How Scientists Got Climate Change So Wrong
Tells how scientists grossly underestimated climate change and what would have been considered fringe science is now the norm. Here are some quotes:
Had a scientist in the early 1990s suggested that within 25 years a single heat wave would measurably raise sea levels, at an estimated two one-hundredths of an inch, bake the Arctic and produce Sahara-like temperatures in Paris and Berlin, the prediction would have been dismissed as alarmist. But many worst-case scenarios from that time are now realities.
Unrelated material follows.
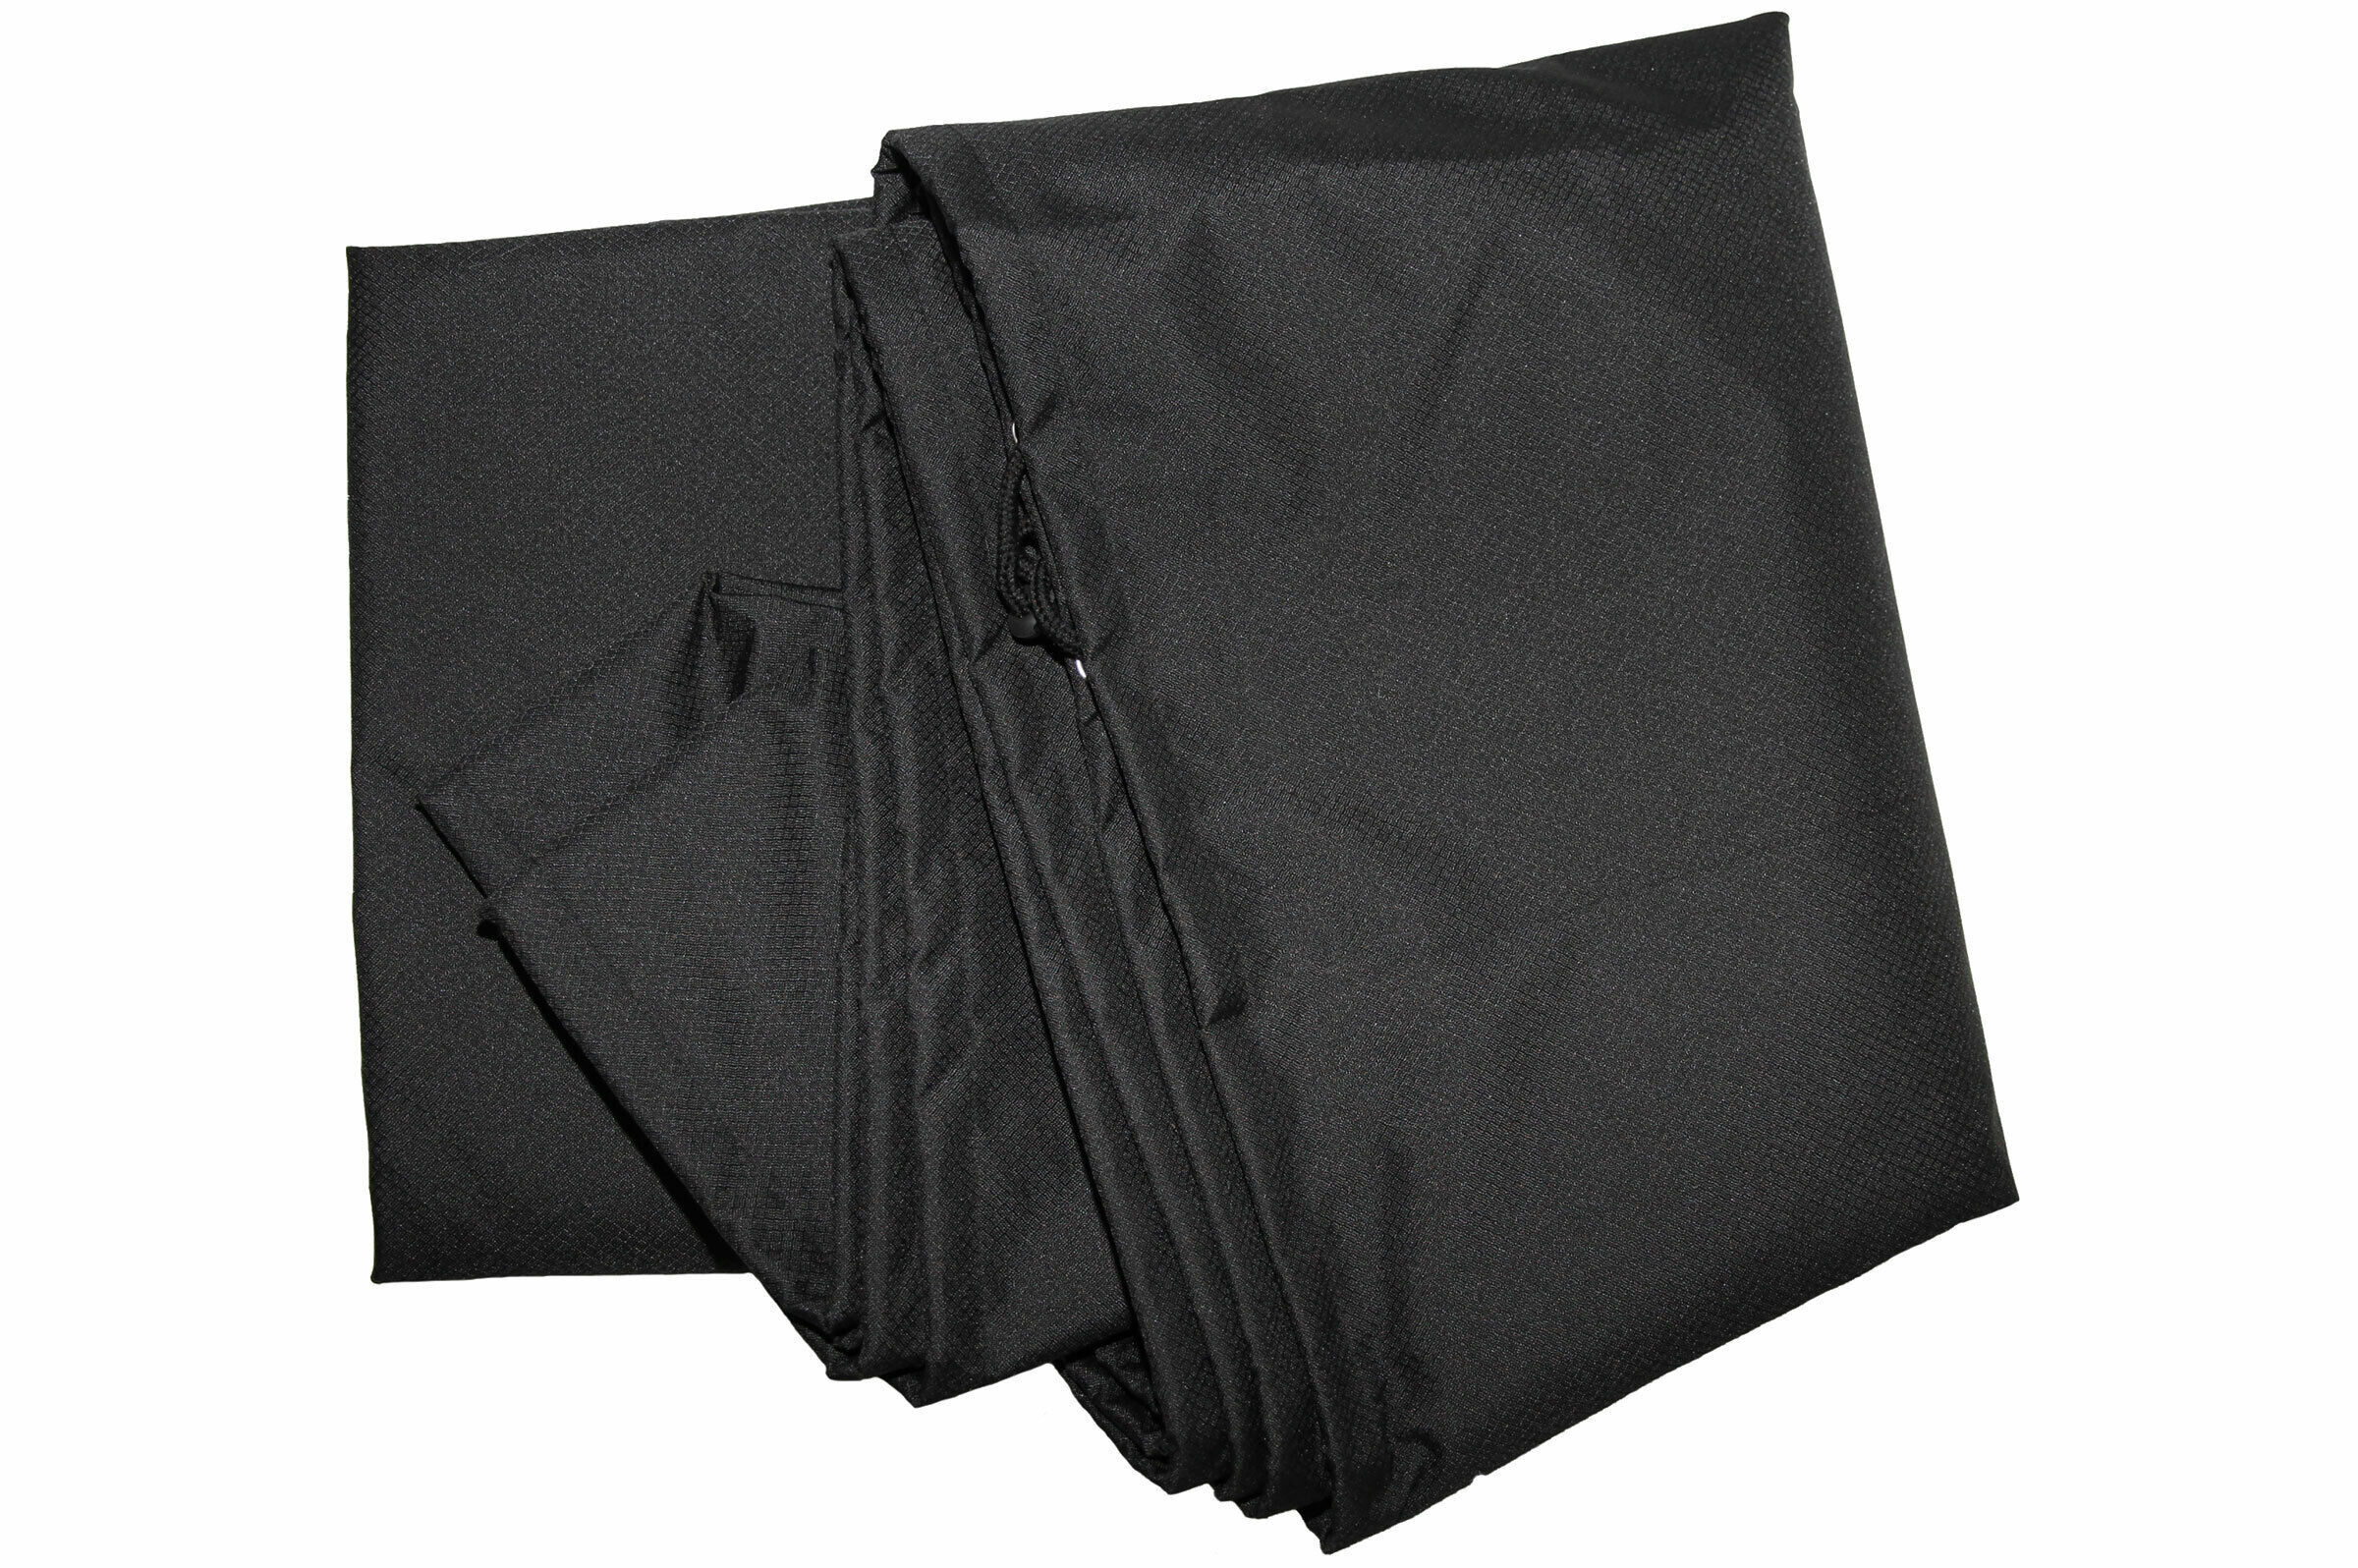 OUTTECH Schutzhülle für Lounge Bänke, schwarz, Ripstop-Polyester, 250 x 100 x 70 cm, atmungsaktiv 10JX04620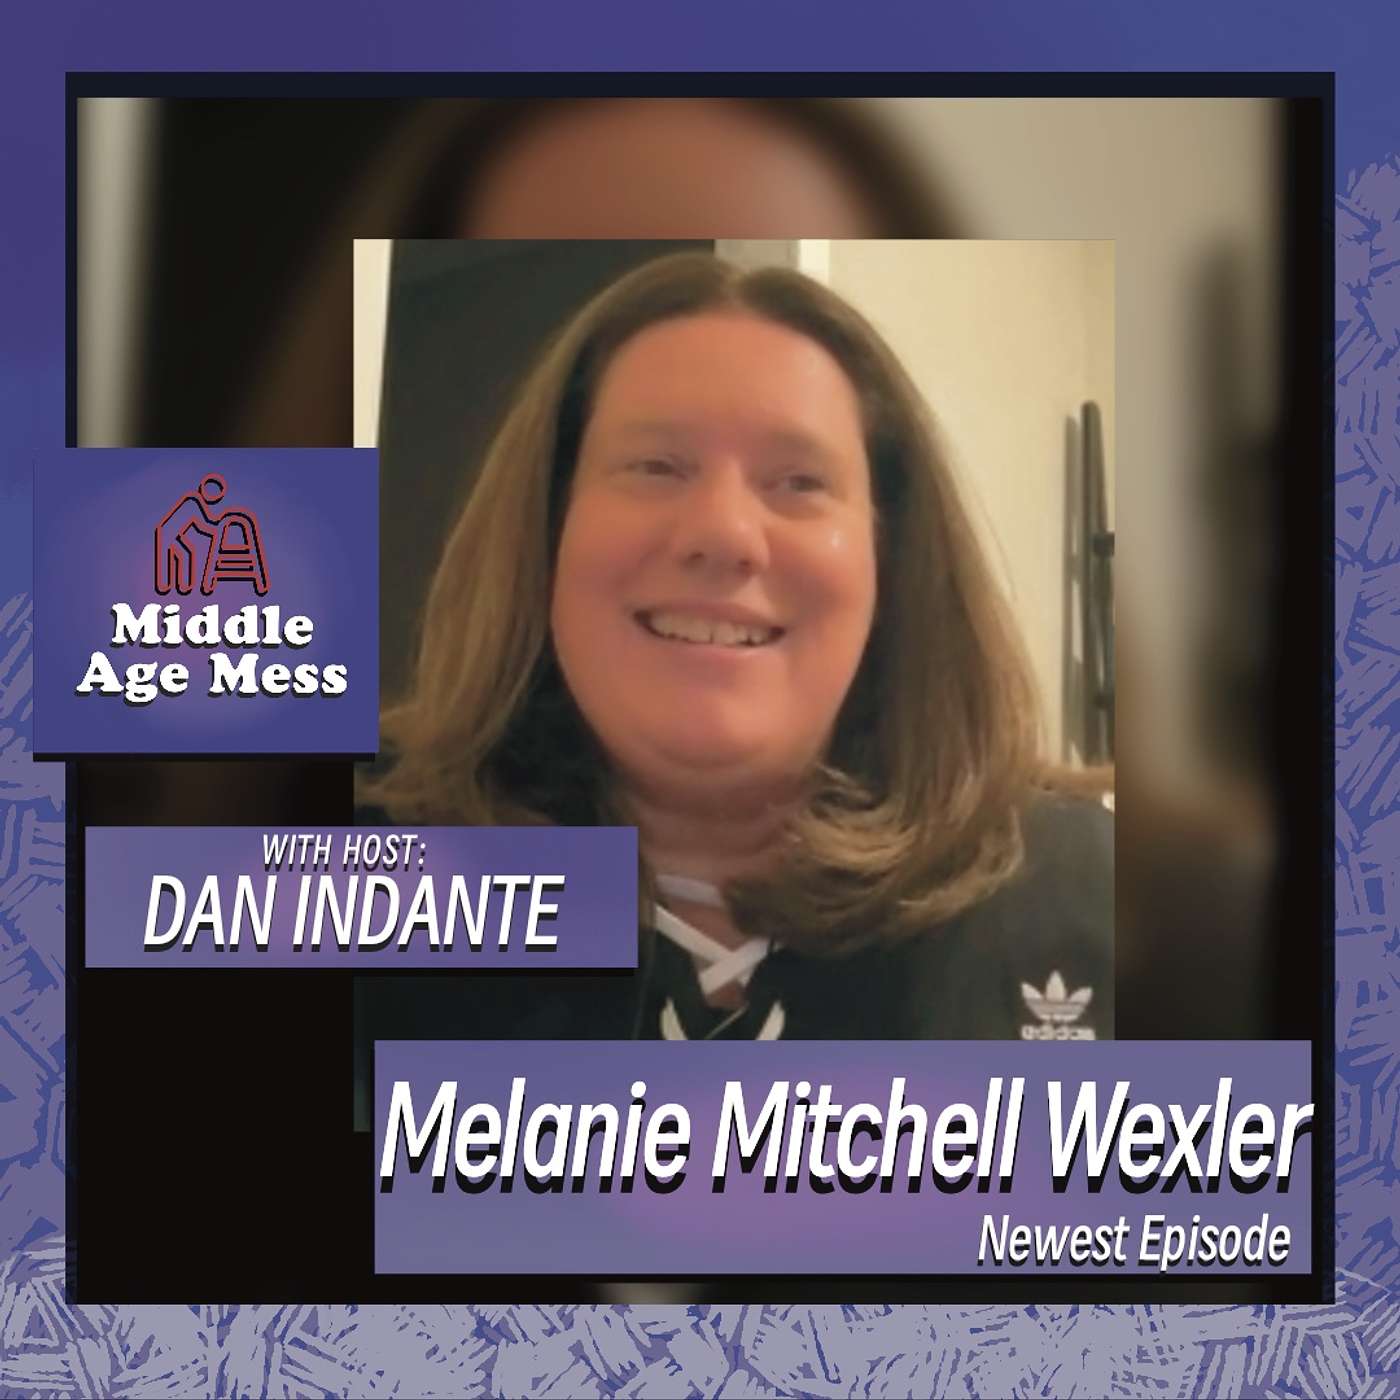 Middle Age Mess, Episode 4 - Melanie Mitchell Wexler

Were the ice sheets of Greenland and Antarctica to melt, sea levels would rise by an estimated 225 feet worldwide. Few expect that to happen anytime soon. But those ice sheets now look a lot more fragile than they did to the climate change panel in 1995, when it said that little change was expected over the next hundred years.In the years since, data has shown that both Greenland and Antarctica have been shedding ice far more rapidly than anticipated. Ice shelves, which are floating extensions of land ice, hold back glaciers from sliding into the sea and eventually melting. In the early 2000s, ice shelves began disintegrating in several parts of Antarctica, and scientists realized that process could greatly accelerate the demise of the vastly larger ice sheets themselves. And some major glaciers are dumping ice directly into the ocean.
Even if scientists end up having lowballed their latest assessments of the consequences of the greenhouse gases we continue to emit into the atmosphere, their predictions are dire enough. But the Trump administration has made its posture toward climate change abundantly clear: Bring it on!
It’s already here. And it is going to get worse. A lot worse.
Climate change could end mortgages as we know them
Reporting on the Federal Reserve recent report on climate change's effect on the mortgage market CBS said:
Climate change could punch a hole through the financial system by making 30-year home mortgages — the lifeblood of the American housing market — effectively unobtainable in entire regions across parts of the U.S. That's what the future could look like without policy to address climate change, according to the latest research from the Federal Reserve Bank of San Francisco. The bank is considering these and other risks on Friday in an unprecedented conference on the economics of climate change.
Once lenders and housing investors do start pricing in such risks, "There may be a threat to the availability of the 30-year mortgage in various vulnerable and highly exposed areas," Berman wrote in a recent San Francisco Fed report. He predicts lenders could "blue-line" entire regions where flood risks are high — a reference to redlining, the practice of refusing mortgages to minorities. The result: Entire neighborhoods would empty out, leaving cities unable to shore up their crumbling roads and bridges just as severe weather events become more extreme and more frequent. Home values would fall, potentially depleting the budgets of counties and states.
Lower real estate prices also drag down counties and cities. Because local budgets are reliant on property taxes, even a small drop in home prices can make it harder for a locality to provide basic services, like fixing roads and paying for public education."There is a real possibility that real estate values will be decreasing… just as the real estate tax base is being relied on for funding of new flood mitigation infrastructure," Berman wrote.in other words, the same way inner cities where hollowed out and made ghetto's because of redlining the same could be done to large swaths of America close to the coast, in hot zones and the like.
That's why many who study this issue are calling for governments to plan for what they call the inevitable retreat.Said Cleetus: "My biggest fear, honestly, is that the markets will get out ahead of our policies, and we see a situation where property values do start to decline, and small communities that rely on a lot of property tax revenue won't be able to deal with it."
The conclusion is clears. The news for climate change will continue to get worse, that even the more dire forecasts. Secondly, impact of climate change will continue to morph and affects us in ways previously unimagined.